Closed tomsbergmanis closed 2 years ago
Unfortunately eflomal does not document well what the scores actually are, but based on my earlier experiments as well as the unit tests with artificial data, they are some kind of costs (e.g. unnormalized negative log-probs) and thus lower value means more probable alignment. If you write the scores for real parallel data and some arbitrary sentence pairs, you should see this quite clearly. (If you see the opposite, then there must be something seriously wrong!)
Here are two examples:
-1.51689 -1.50699 This is the history of the generations of Isaac, Abraham's son.

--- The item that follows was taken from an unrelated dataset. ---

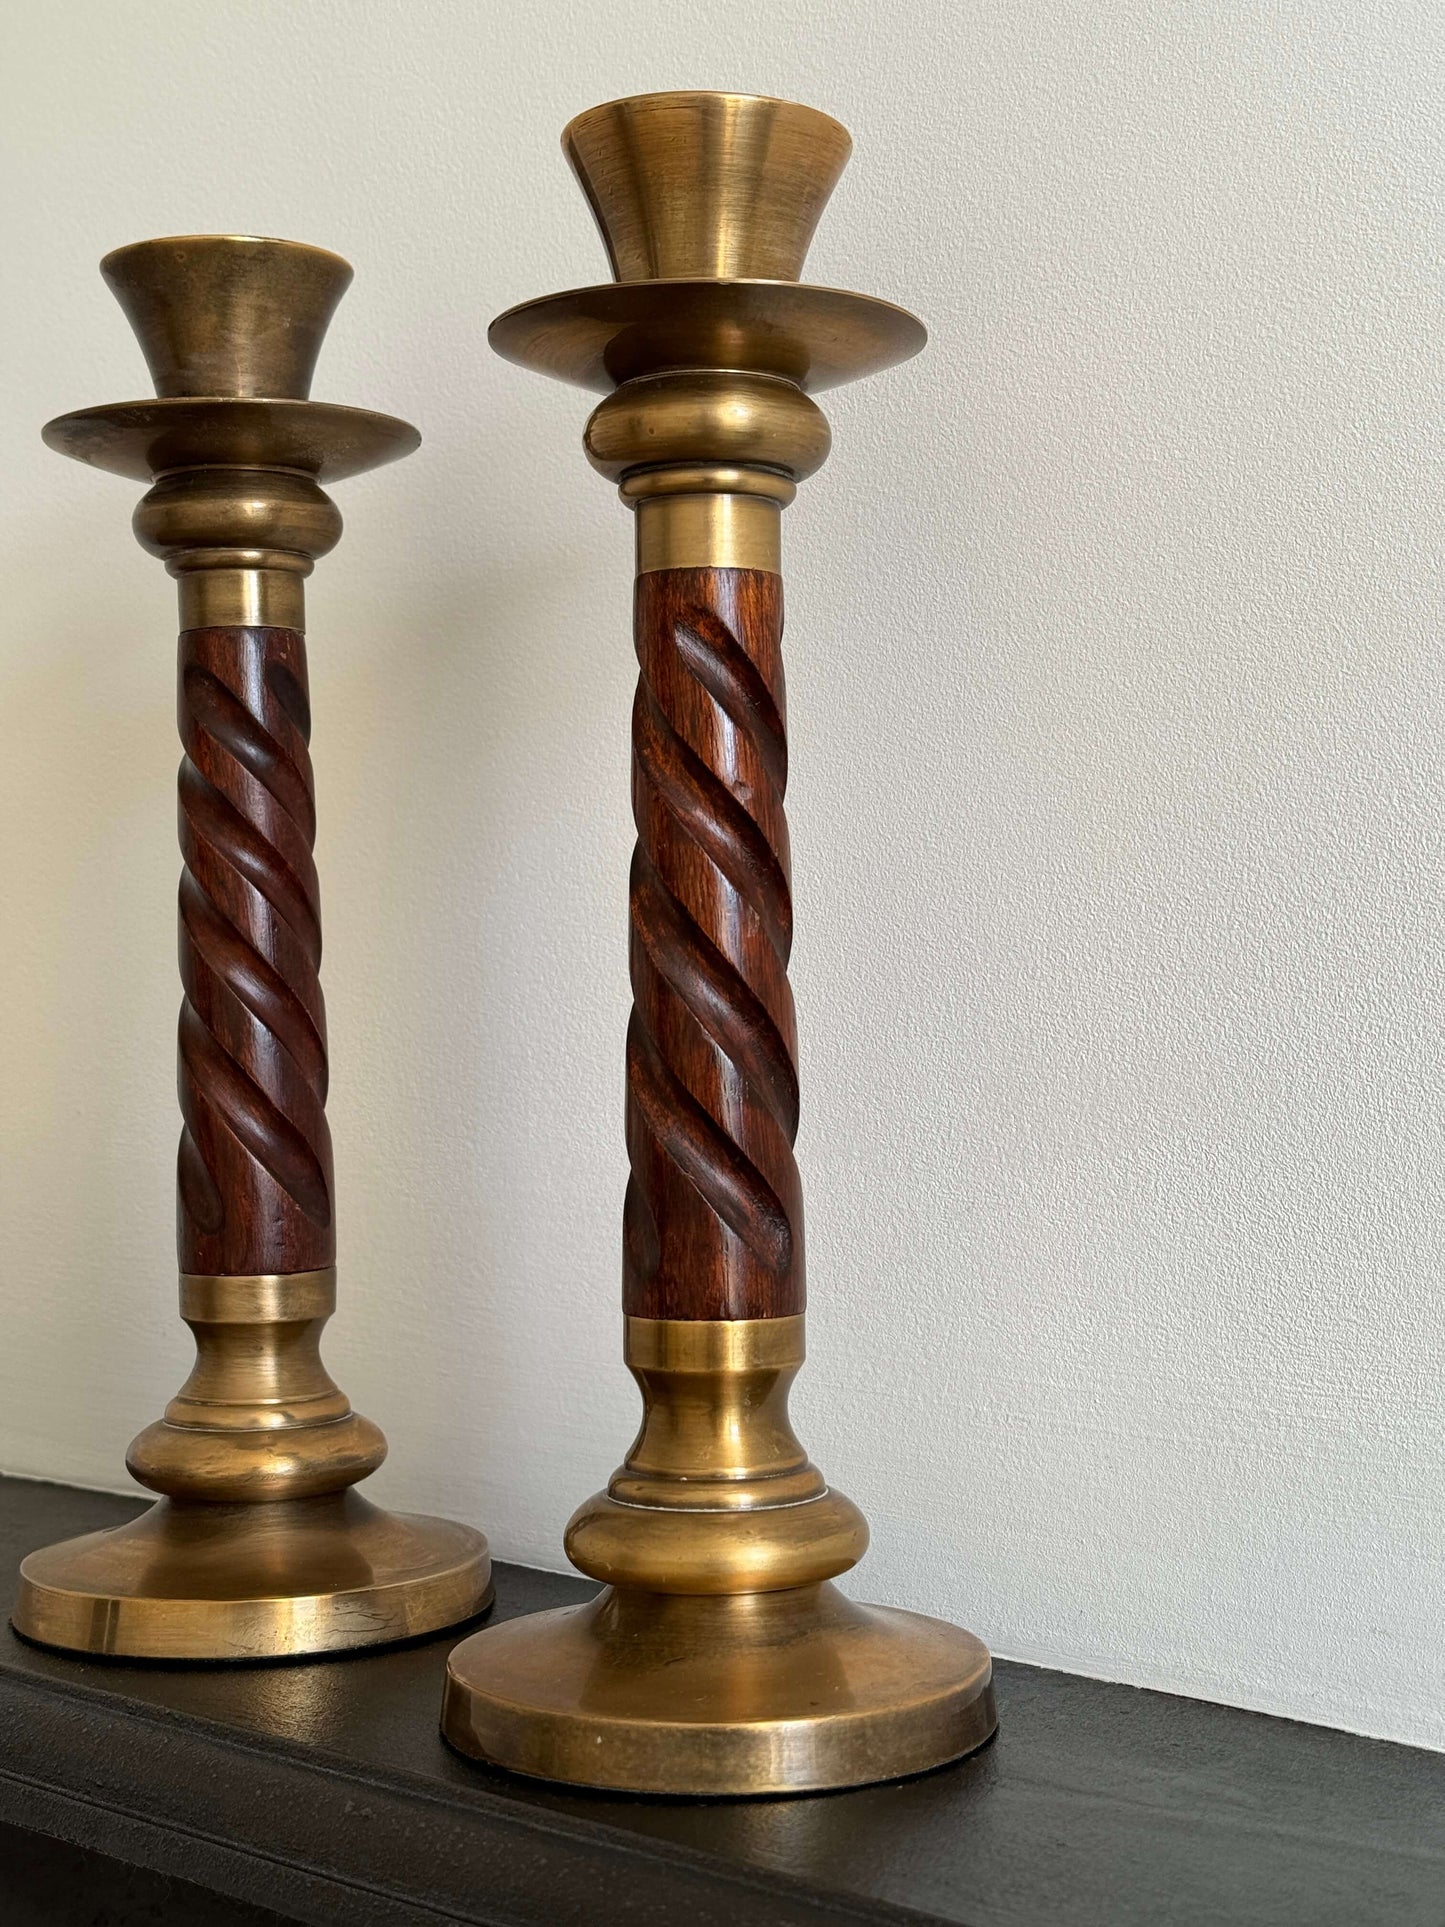 Pair of French twisted candlestick holders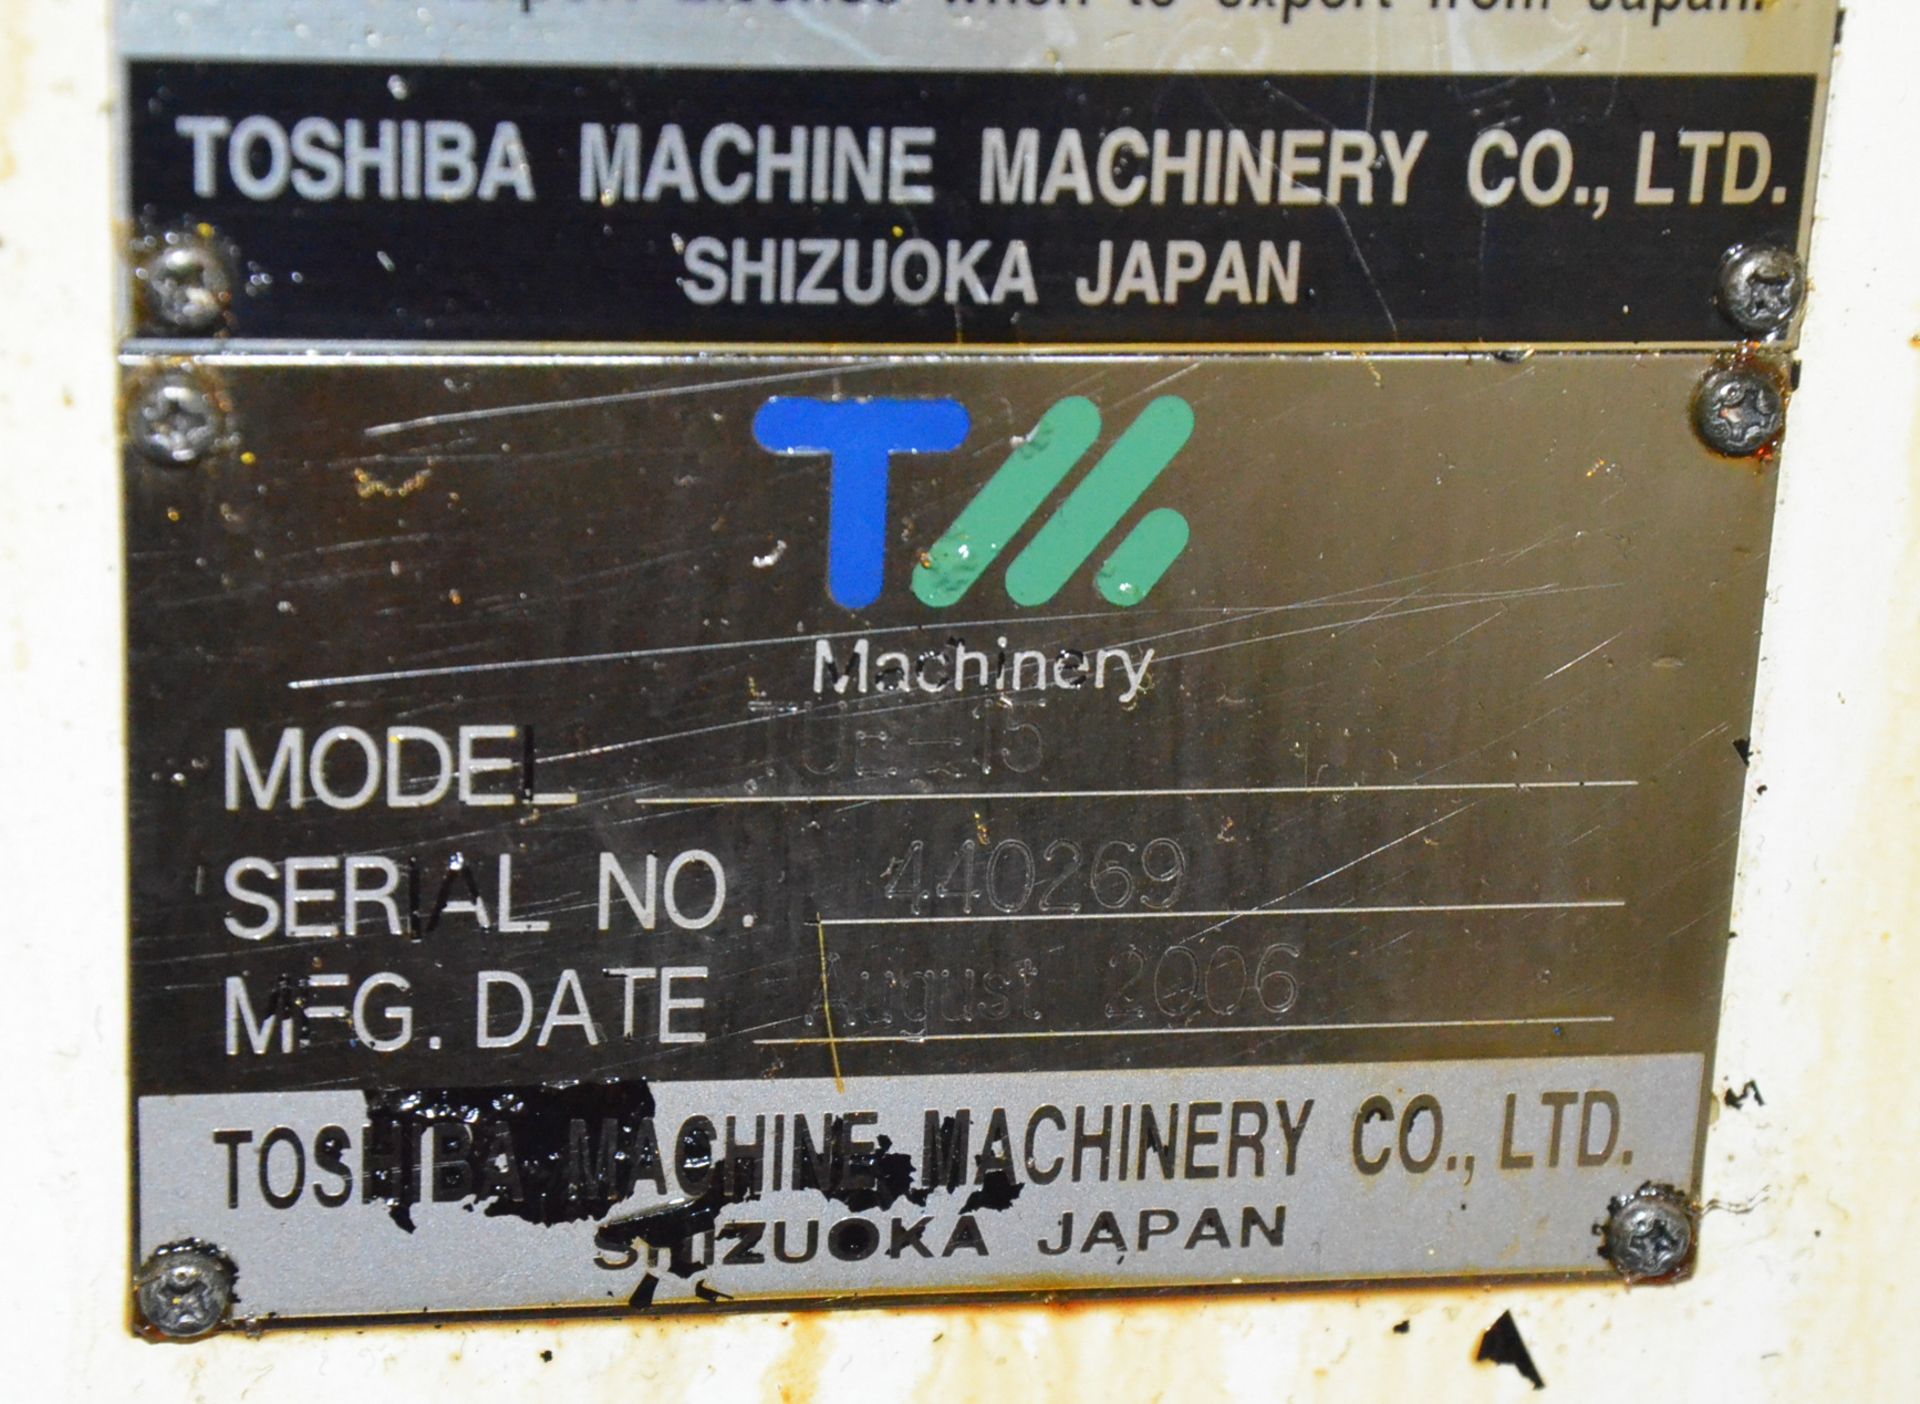 TOSHIBA SHIBAURA (08-2006) TUE-15 CNC VERTICAL BORING AND LIVE MILLING CENTER WITH FANUC SERIES 18-T - Image 13 of 19

Abraham became the father of Isaac. Ja tämä on kertomus Iisakin, Aabrahamin pojan, suvusta. Aabrahamille syntyi Iisak.
4.22615 4.99098 When her days to be delivered were fulfilled, behold, there were twins in her womb. Kun hänen synnyttämisensä aika oli tullut, katso, hänen kohdussaan oli kaksoiset.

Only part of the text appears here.